Nostalgia Sunday – Searching for Paradise Lost
Director Avi Mograbi’s new film, Once I Entered a Garden”, explores the idea of a Middle East that once existed, where the borders that today divide hostile nations had not yet been established. It is also, the filmmaker states, “A Middle East in which metaphorical boundaries also do not exist.”
The film is both documentary and fantasy, starting with an imagined encounter between Mograbi and his grandfather, Ibrahim, before the family’s ancestral home in Damascus in 1920. What language will they speak?, he wonders. Mograbi resolves to learn Arabic and in real-life, begins studies with tutor Ali Al-Azhari, who is a central figure in the documentary.
A Palestinian Arab born in Saffuriyya near Nazareth, Al Azhari is described by Mograbi as “a refugee in his own homeland”, living in Tel Aviv, married to a Jewish woman and father to a young daughter. Al Azhari’s way of life, Mograbi says, “poses a challenge to the central value — separation — of both of Palestinian and Jewish society alike.”
In Mograbi’s grandfather’s time, there was pan-regional social and commercial contact. In one scene, Al Azhari assists Mograbi in searching for his ancestors in business directory dated 1938-39, covering the nations of Lebanon, Syria and Palestine.
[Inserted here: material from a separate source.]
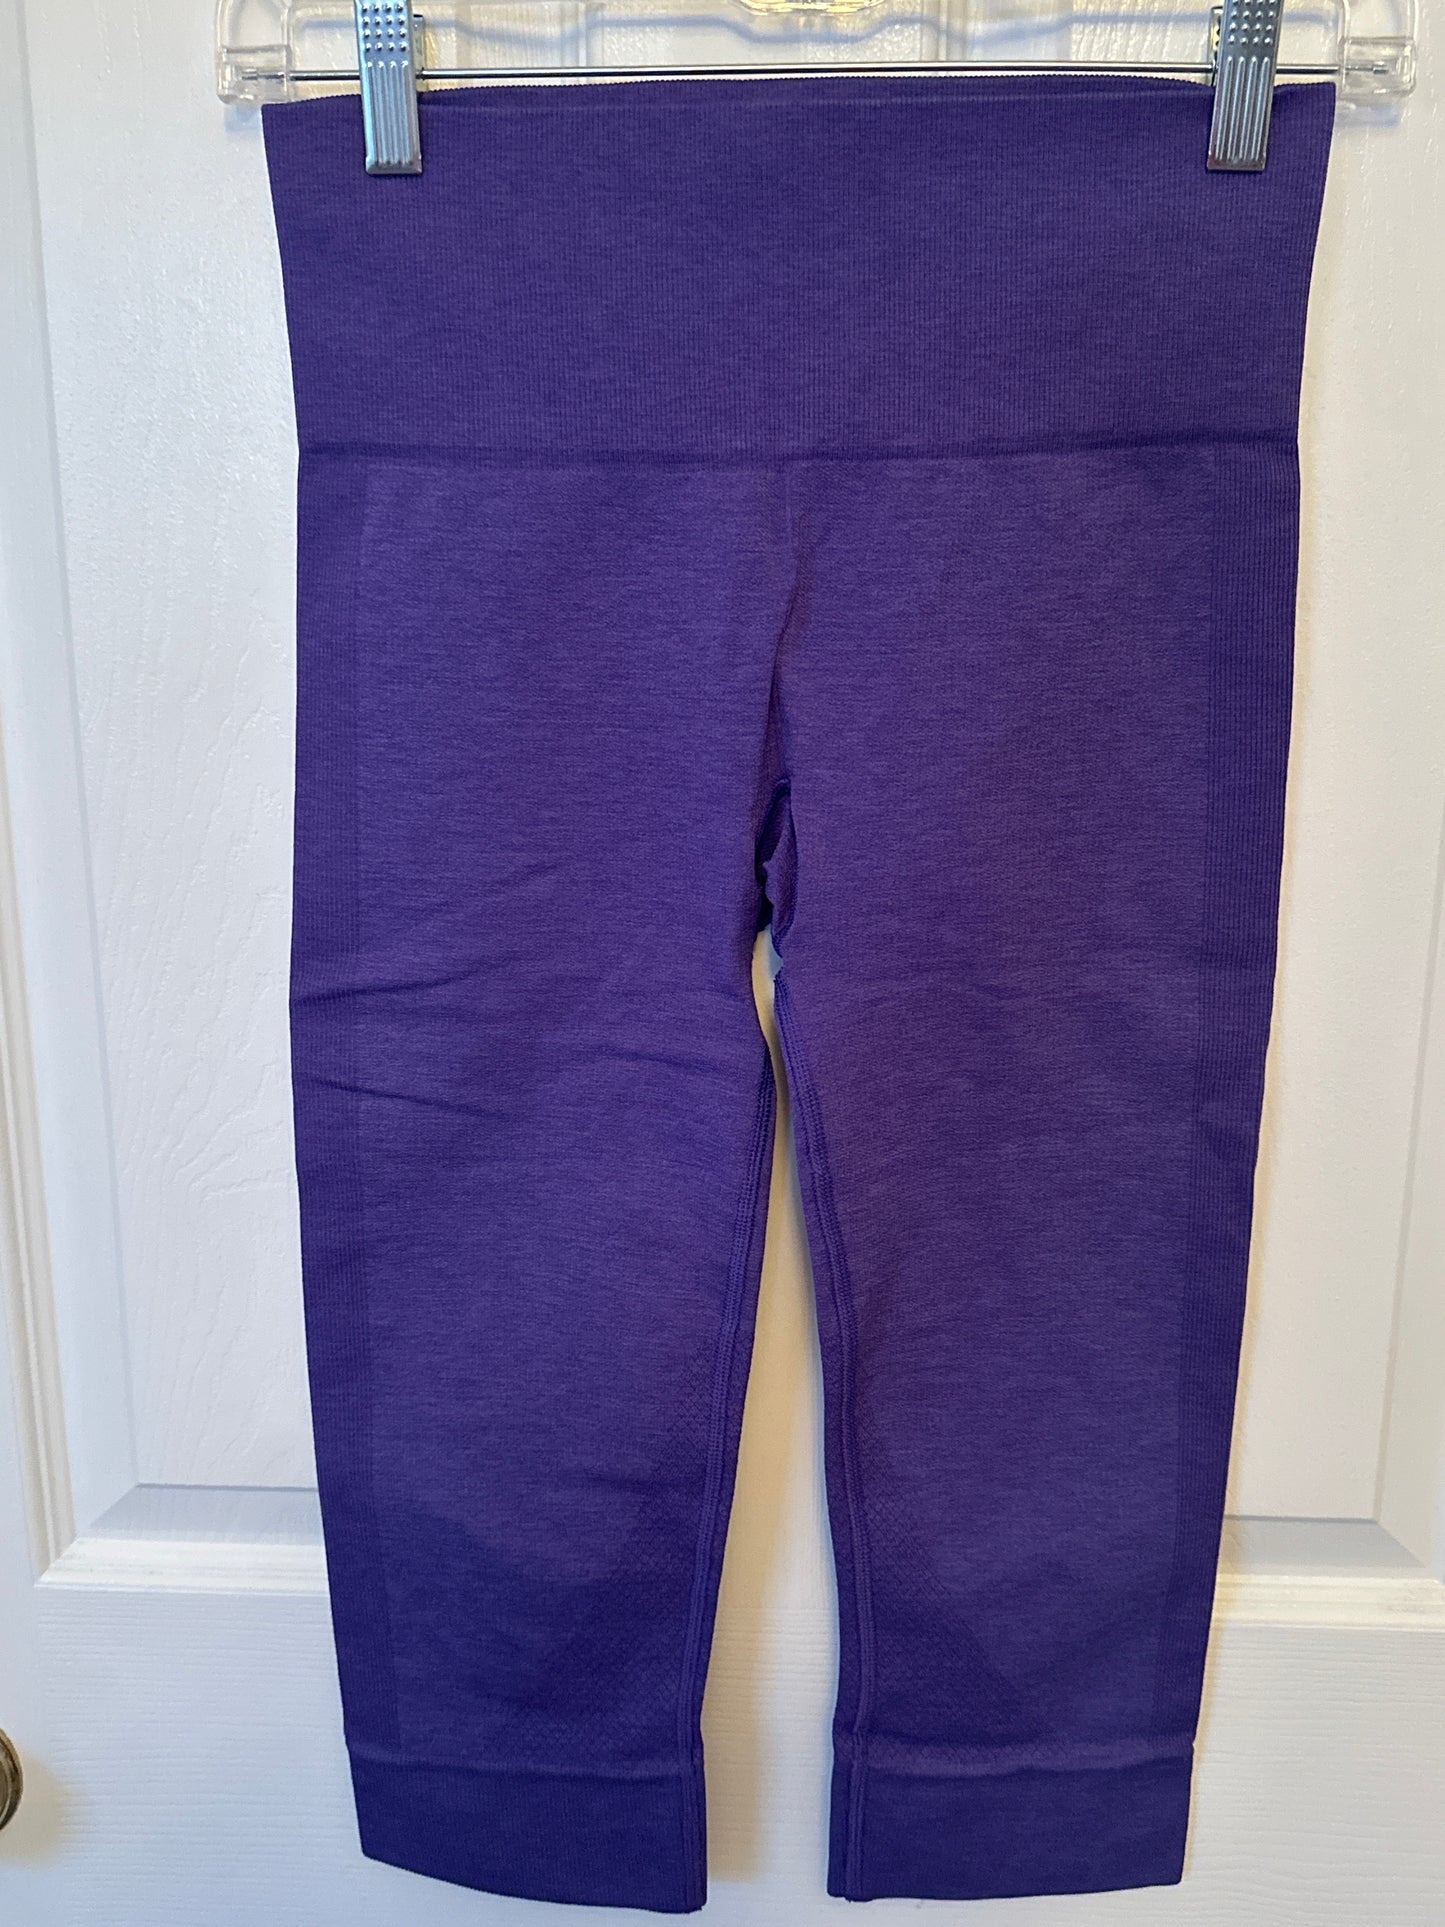 Lululemon Women’s Purple Pants Leggings Sz 4 Cropped Capri

According to the Hollywood Reporter, “The directory – published in three languages (French, English and Arabic) – is one of many references made to the diaspora that existed in that section of the Middle East before it was sliced up along religious lines, and Mograbi and Al Azhari spend much of the movie discussing how their respective cultural heritages were upended by events following the Second World War.”
“After visiting sites in Tel Aviv and Jaffa, the two friends ultimately make their way to Al Azhari’s birthplace, where they are confronted with yet another case of the absurd realities governing the land. While the men are clearly used to such obstacles by now, the young Yasmin [Al Azhari] is not, and her reaction provides an indication as to how future generations may grow to accept their nation’s dark heritage.”